I could use some advice from the Perl-savvy (which I ain't!) on this
list regarding the format of message bodies. Our page format includes a
"left margin" stripe of color down the side of the page, so we don't
have the usual screen width for text display. Thus the message text
bleeds over the right side of the page unless the lines happen to be
very short. I downloaded a program called txt2html to use as a filter.

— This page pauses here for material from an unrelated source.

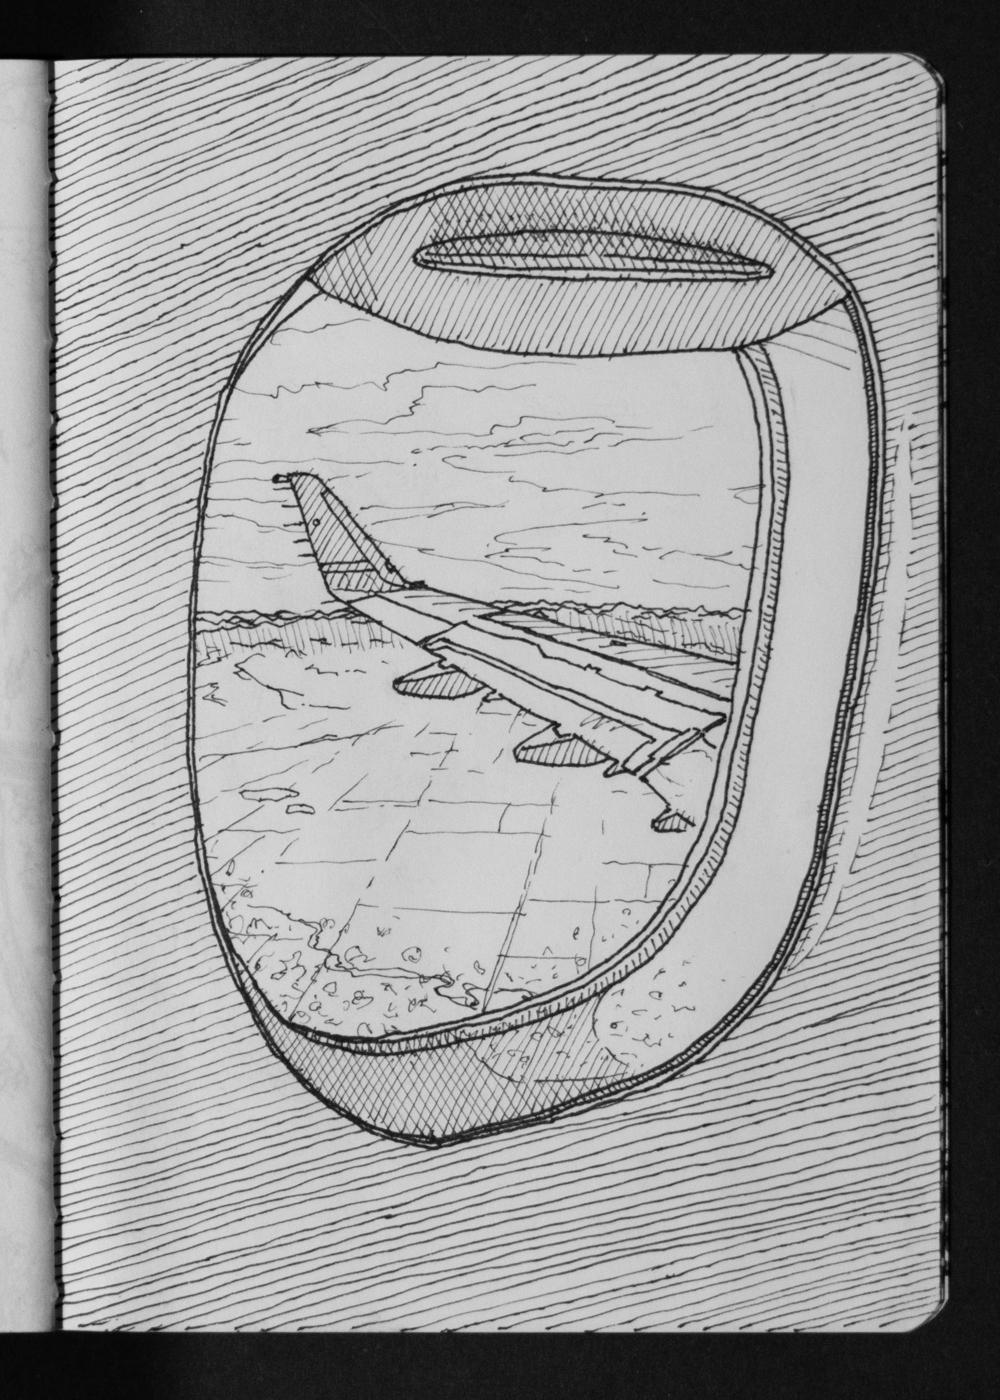 03-21 Flying to Calgary.jpg
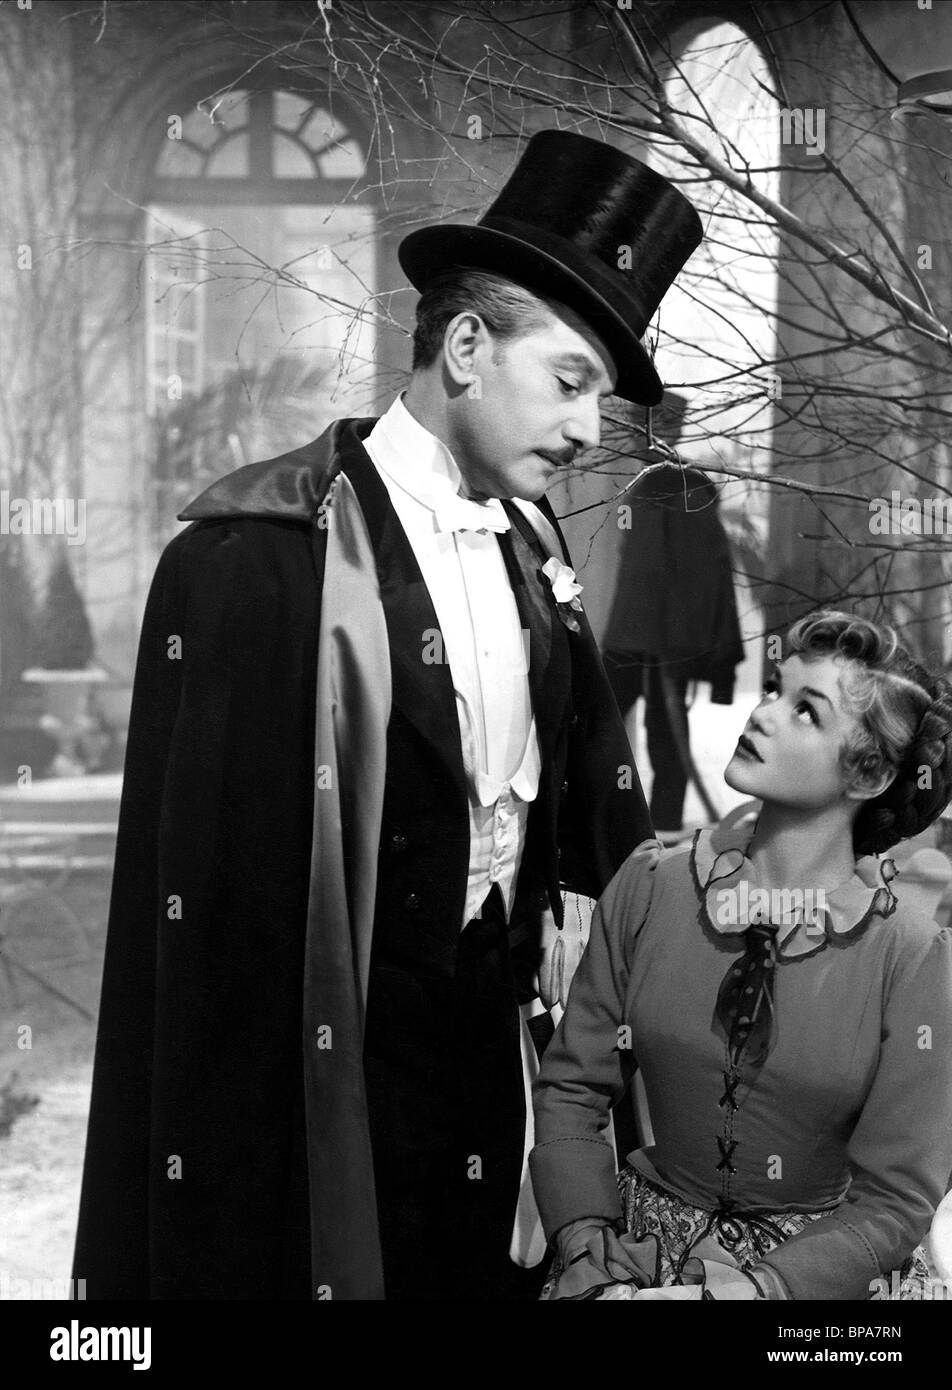 ANTON WALBROOK, SIMONE SIMON, LA RONDE, 1950 - Stock Image

I've done the following, hoping to force the message body to be
HTML-ized:
<MIMEFilters>
...
message/partial:m2h_text_plain'filter:txt2html.pl
text/*:m2h_text_plain'filter:txt2html.pl
...
text/plain:m2h_text_plain'filter:txt2html.pl
text/richtext:m2h_text_plain'filter:txt2html.pl
...
</MIMEFilters>
This will not work. MHonArc will look for a routine called
"m2h_text_plain'filter" in txt2html.pl, and there is none. In
order to use text2html.pl, you will ne to write a MHonArc filter
wrapper to interface with txt2html.pl. The information on how
to write MHonarc filters and how to hook them into the program
is described in the MIMEFILTERS resource page of the documentation.
Since you stated you were not Perl savvy, you may not have the time
to learn Perl to do what you need. Therefore, I have included below a
version of the mhtxtplain.pl library that may be able to do something
to suit your needs (this library, or reasonable facsimile, will be
included in the next release of MHonArc). Read the comments
in the code to see the new options available to the filter. Use
the MIMEARGS resource to define the options you desire.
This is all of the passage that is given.